Di sisi lain, Cheng melihat kepentingan AS dalam konflik Laut China Selatan adalah kebebasan navigasi di kawasan Asia. Jalur Laut China Selatan terutama penting bagi sekutu AS, yaitu Jepang dan Korea Selatan.
Ventrell sendiri mengaku AS tak punya ambisi teritorial di Laut China Selatan dan tidak mengambil posisi dalam sengketa. Ia menyarankan negara-negara yang bersengketa menyelesaikan kisruh klaim mereka dengan diplomasi tanpa kekerasan.

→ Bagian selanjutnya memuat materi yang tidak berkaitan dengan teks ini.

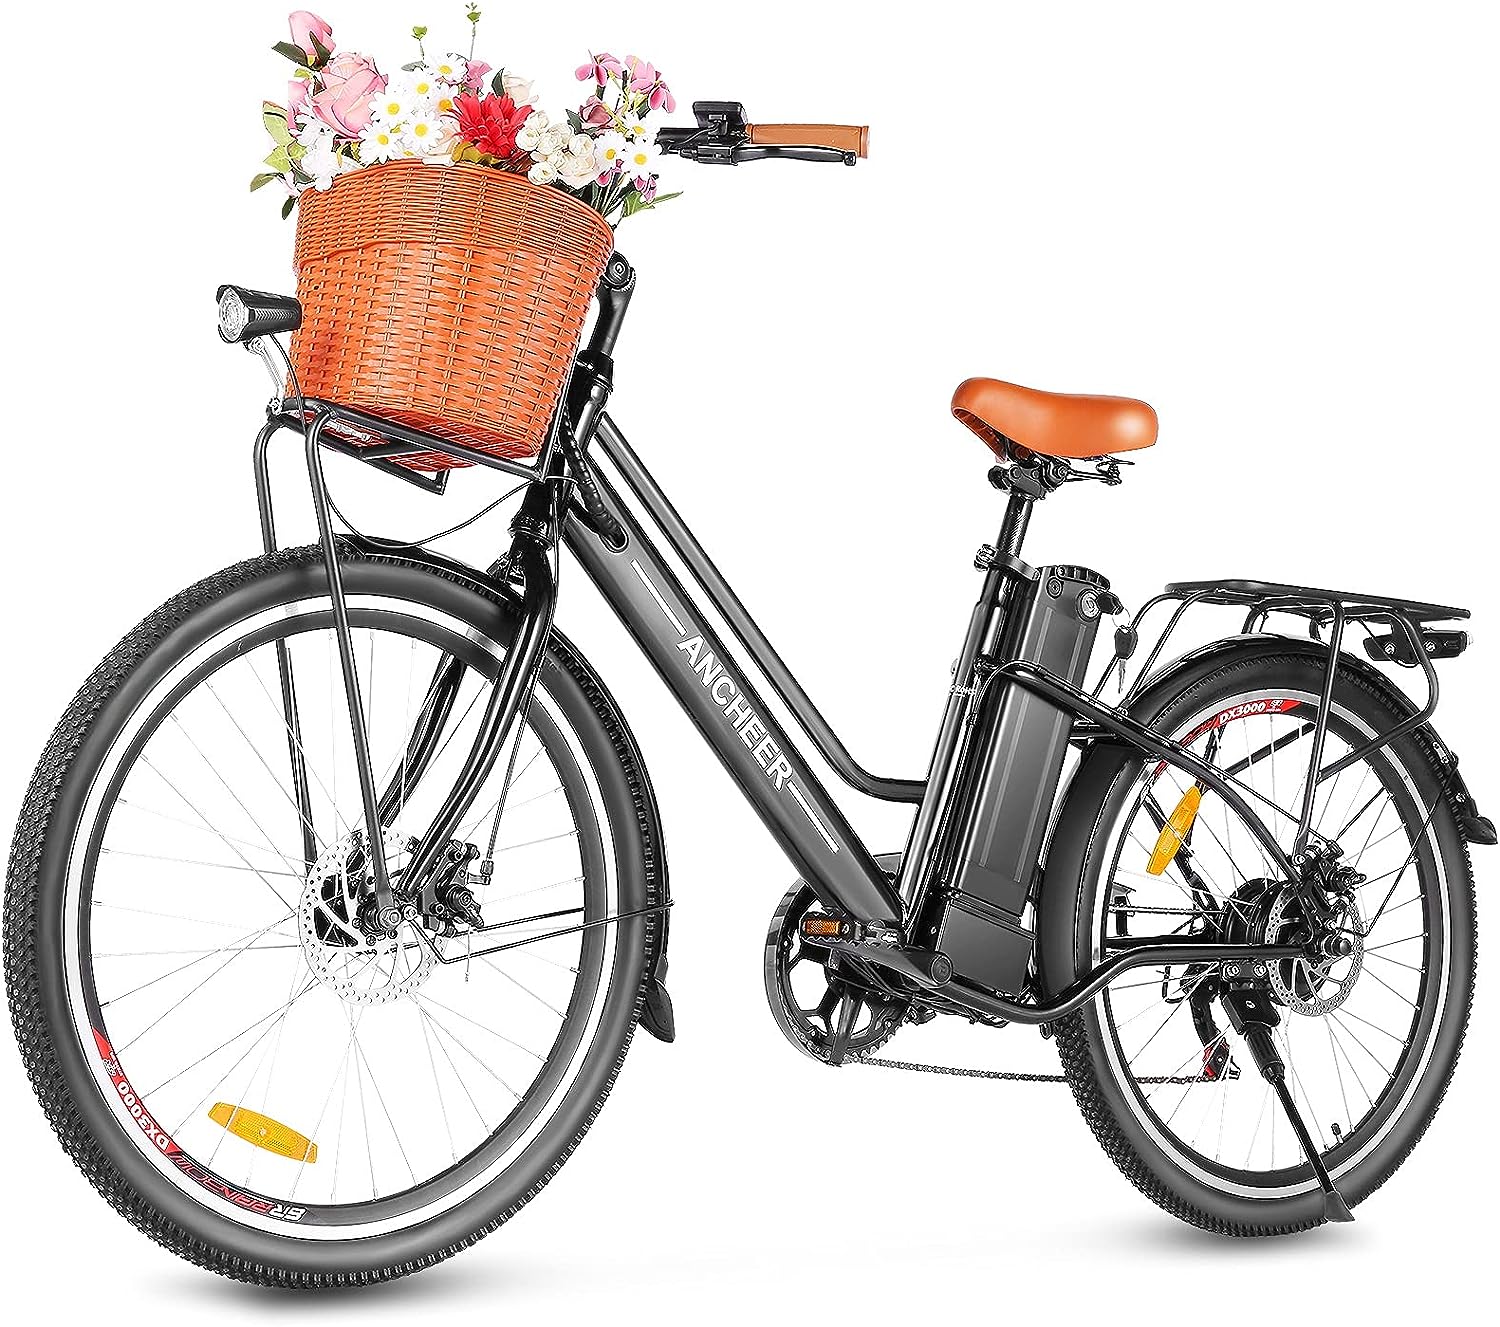 selection of commuter e-bikes in different colors and styles

Kantor berita pemerintah China Xinhua menerbitkan kolom opini kemarin, yang meminta AS untuk menjaga kelakuan menyangkut sengketa itu. “Ketika pihak luar beruapaya menimbulkan ombak yang lebih besar, biasanya ia menunggu di tepi pantai untuk memungut apa yang terdampar ke pantai,” tutur Xinhua.
Menurut kantor berita itu, kota Sansha dan garnisun di Paracel merupakan penyesuaian yang wajar atas adiministrasi dan struktur militer China.
Namun, John McCreary, pensiunan analis Defense Intelligence Agency AS menyatakan semua itu merupakan strategi China untuk menjadikan Laut China Selatan sebagai perairan dalam negara itu. Dalam tulisannya di newsletter Nighwatch edisi 24 Juli, ia menganalis, “Fase interaksi diplomasi dan negosiasi di negara-negara Asia Tenggara sudah berakhir.”
Ia memprediksi sebentar lagi akan ada perlombaan senjata dan kapal patroli meski terbatas antara China dan tetangga-tetangganya. Konflik militer apapun yang terjadi, AS akan terlibat. Maklum, Filipina adalah sekutu dekat AS. Kedua negara juga memiliki pakta saling melindungi.